“The House Across The Street” A Short Story

I was twelve when I first met Eli, his denim-clad legs draped over his new porch steps as his parents fought over where to put the garden gnomes. His mother had her hair woven into her signature braid, the forceful blonde whip striking the air as she wrestled the ceramic, pug-faced monster away from her husband. Eli’s hazel eyes were focused down the street in his signature stare, cutting through sunlight and air to see something no one else could see.

I used the full force of my tween body weight to drag Wags out of our suburban home. The aging lab dug his paws into the ground, struggling to drag us away from the dangerous newcomers across the street.

Eli’s head jerked toward us.
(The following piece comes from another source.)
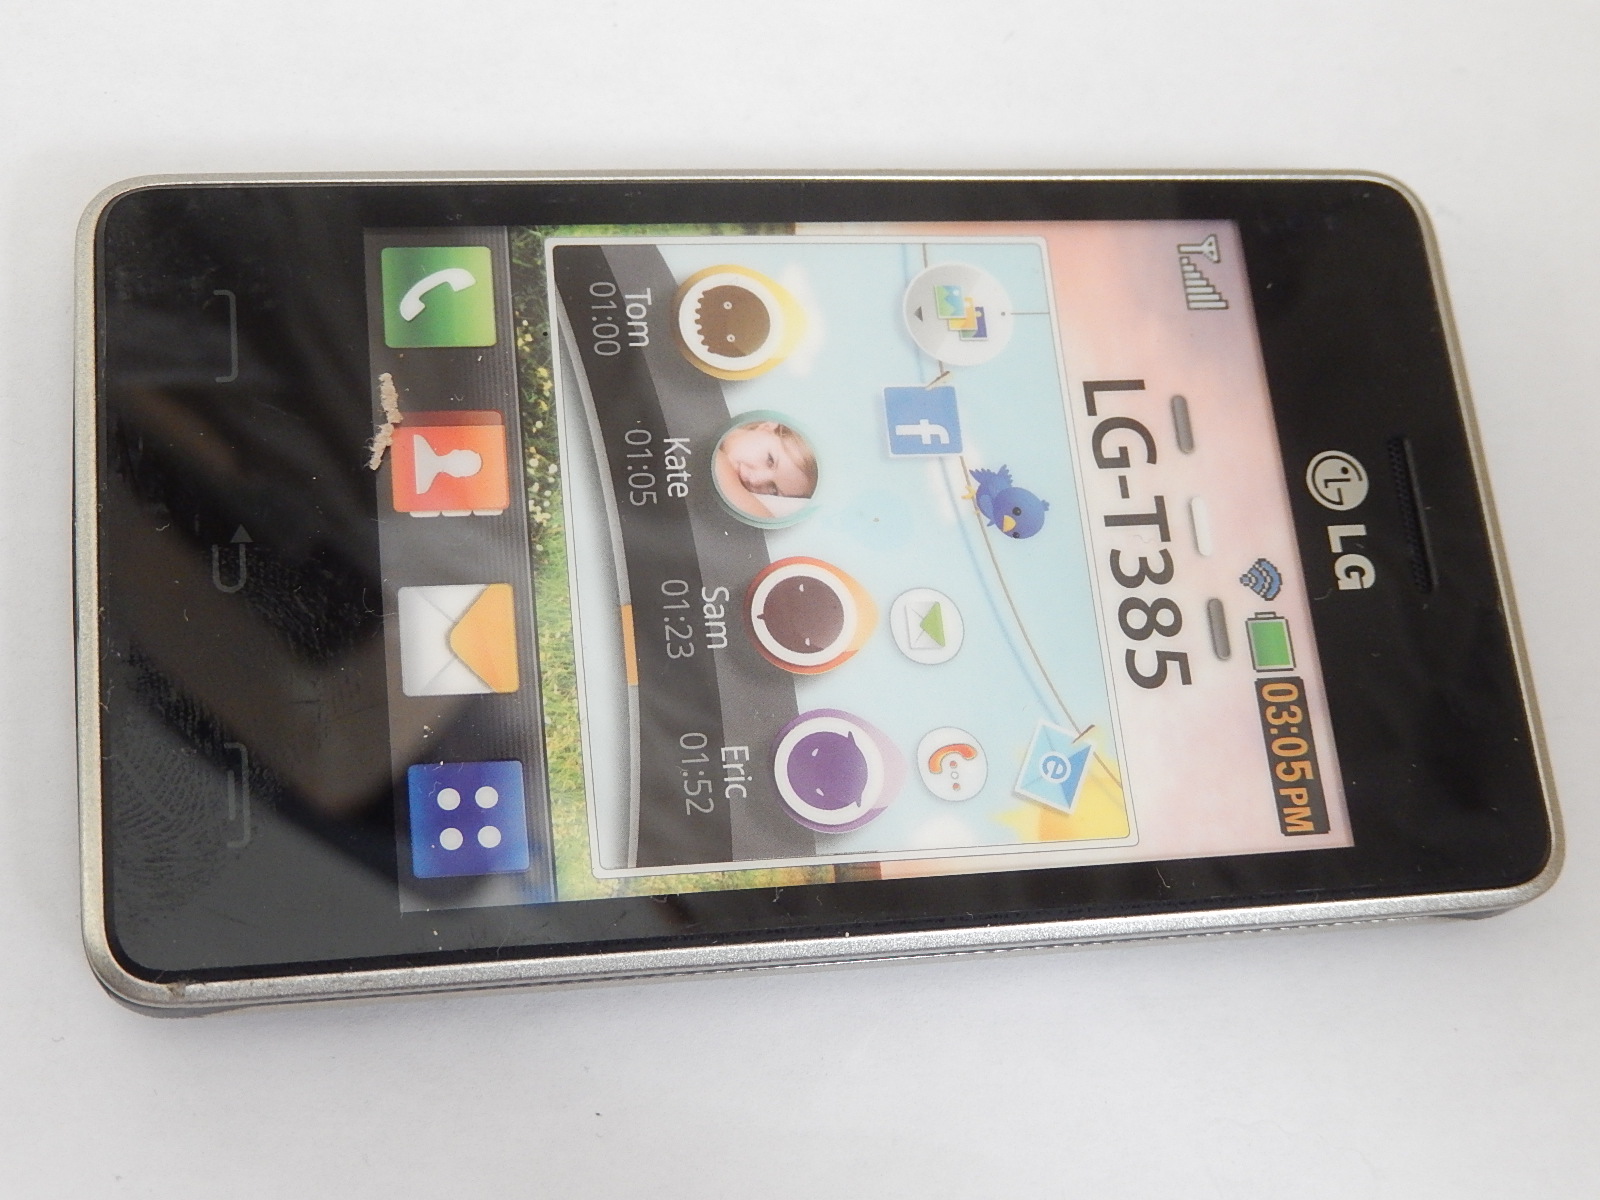 LG T385 SMARTPHONE FACTICE

He blinked a few times to bat out the July sun, but when his eyes settled on me, he maneuvered his wrist into a small wave. Just for kicks, I waved back.

 

I met Eli again near the close of November. He lounged just over the smiling real estate woman on the bus stop bench, an iPod on his lap and a pair of earbuds rising up through the body of his hoodie. Envy rose in me as I watched him, the bitter emotion mixing with my ever-present rage.
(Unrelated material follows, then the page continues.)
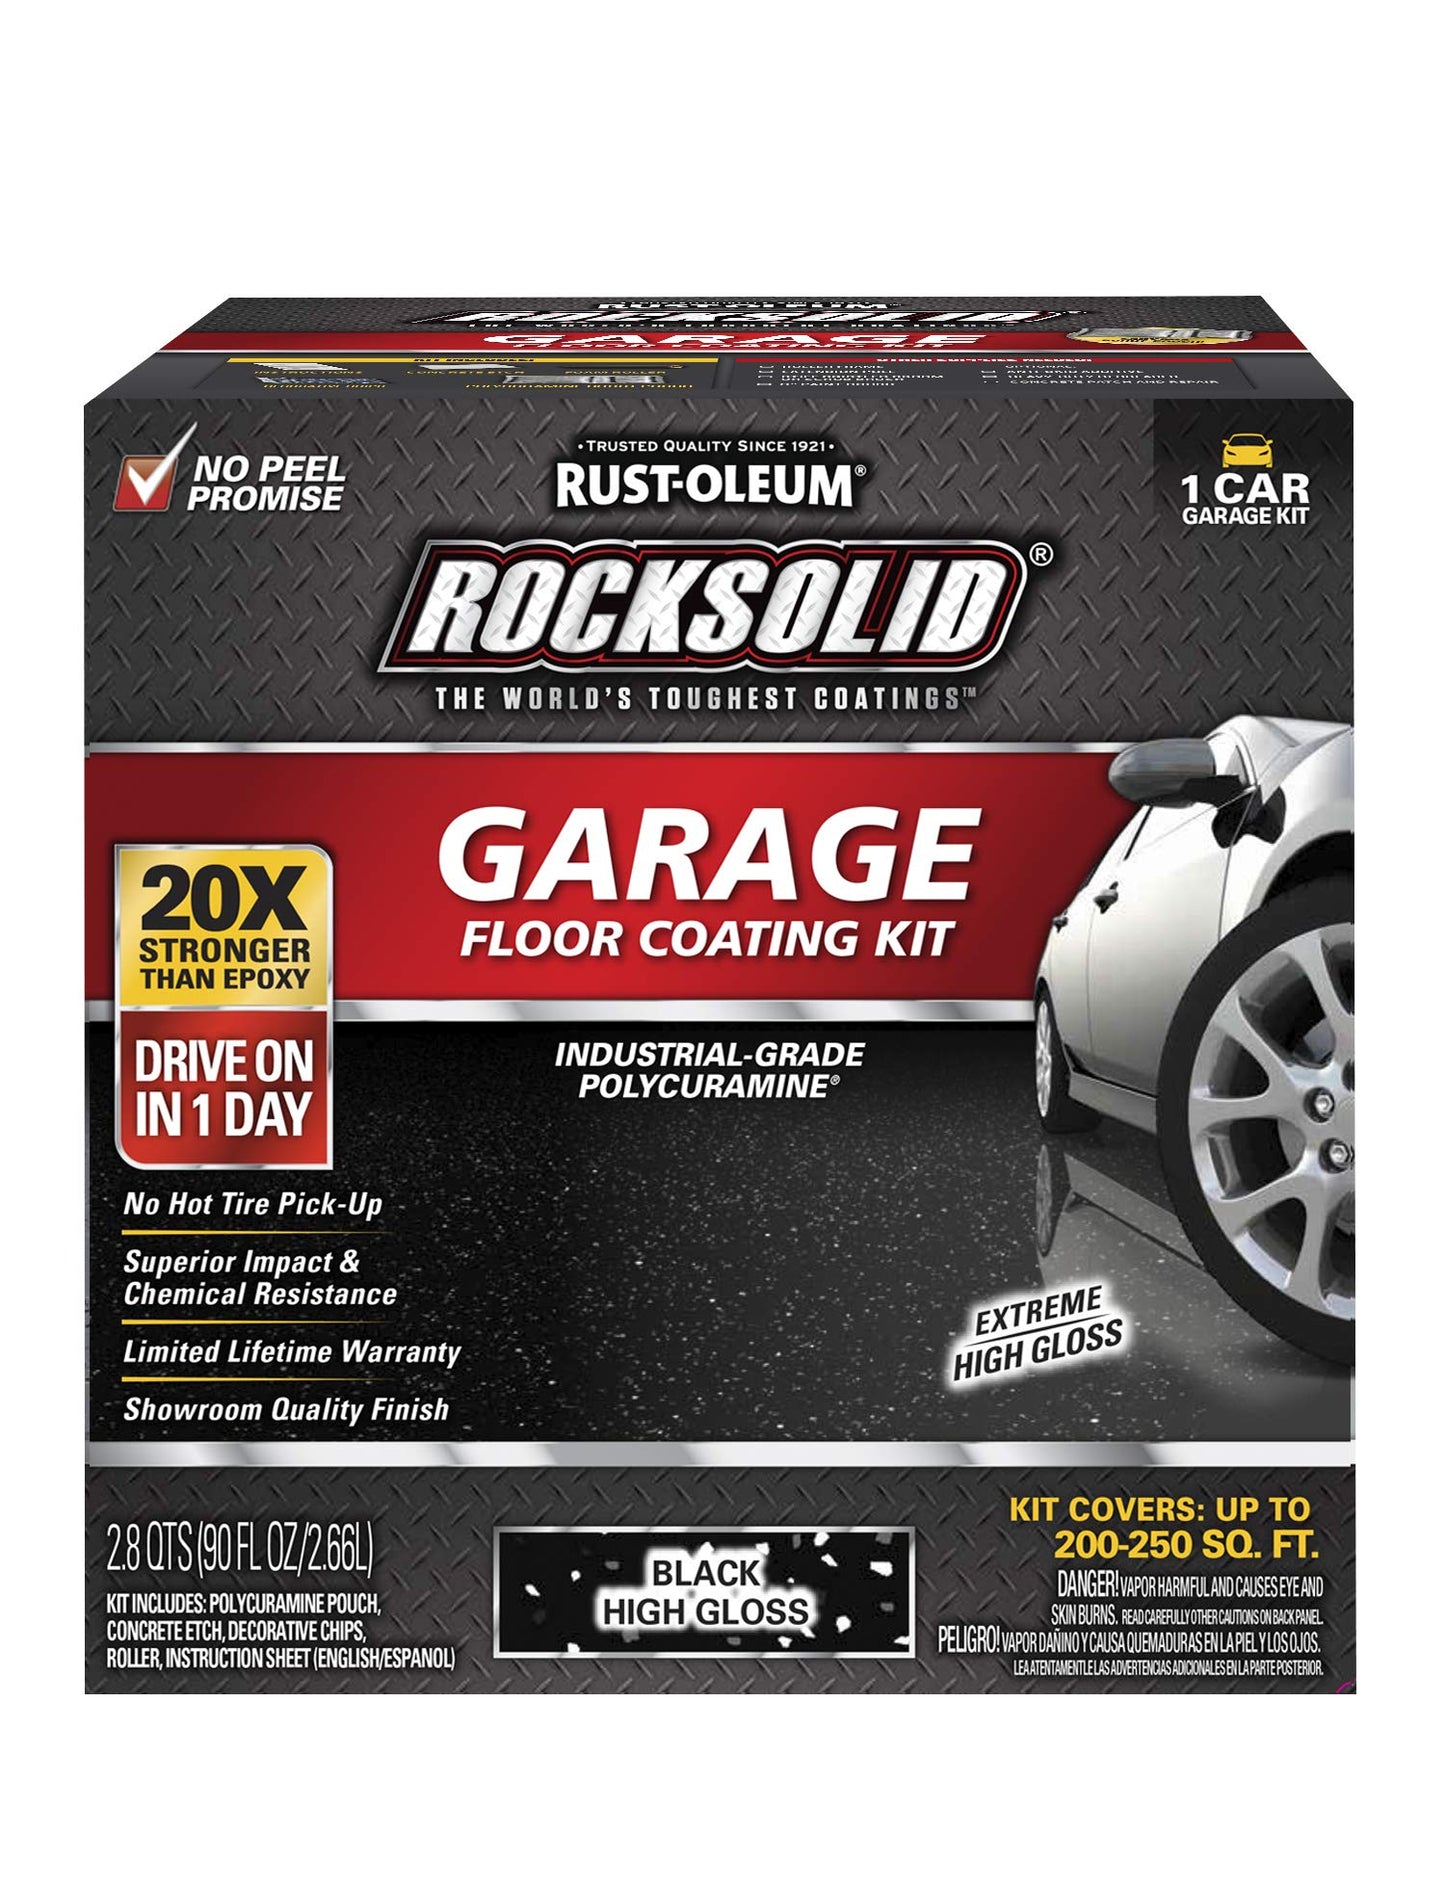 Rust-Oleum 318712 Rocksolid Polycuramine Garage Floor Coating, 1 Car Kit, Black

I plopped onto the bench next to him having nowhere to go but wanting to get away from my problems in any possible way. Anger toward my parents churned through me in rhythmic sync with the brewing thunder overhead.

Eli pulled one of his earbuds loose and said, “You’re my neighbor, aren’t you?”

I looked up, took in his soft hazel eyes, the artistic curve to his lips and hard shape to his jawline. I felt the envy weaken, the anger fizzling out. There was an ache radiating out of my heart, pounding through my arteries, and silently snaking its way into the darkest recesses of my mind, the crevices even I was too afraid to venture into.

I nodded.

“I’m Eli,” he said, nodding at me.

And in that moment, that single, head-jerking gesture was the coolest thing in the world, better than an iPod or the computer my father had installed the week before. I wanted to know Eli more than I’d wanted anything before.

“Sam,” I said.

Eli smiled, and I ducked my head away. There was a voice whispering in the back of my head saying that just maybe, Eli wanted to know me.

 

Eli’s curfew was ten o’clock. I thought it was amazing that his parents cared what time he came home, but Eli hated it. He said all the best things happened after ten.

The first time Eli came to my house, it was just after nine o’clock. My parents had gone to bed, and Eli had texted me saying, I don’t want to be here, so I said the only thing that made sense to me: come over.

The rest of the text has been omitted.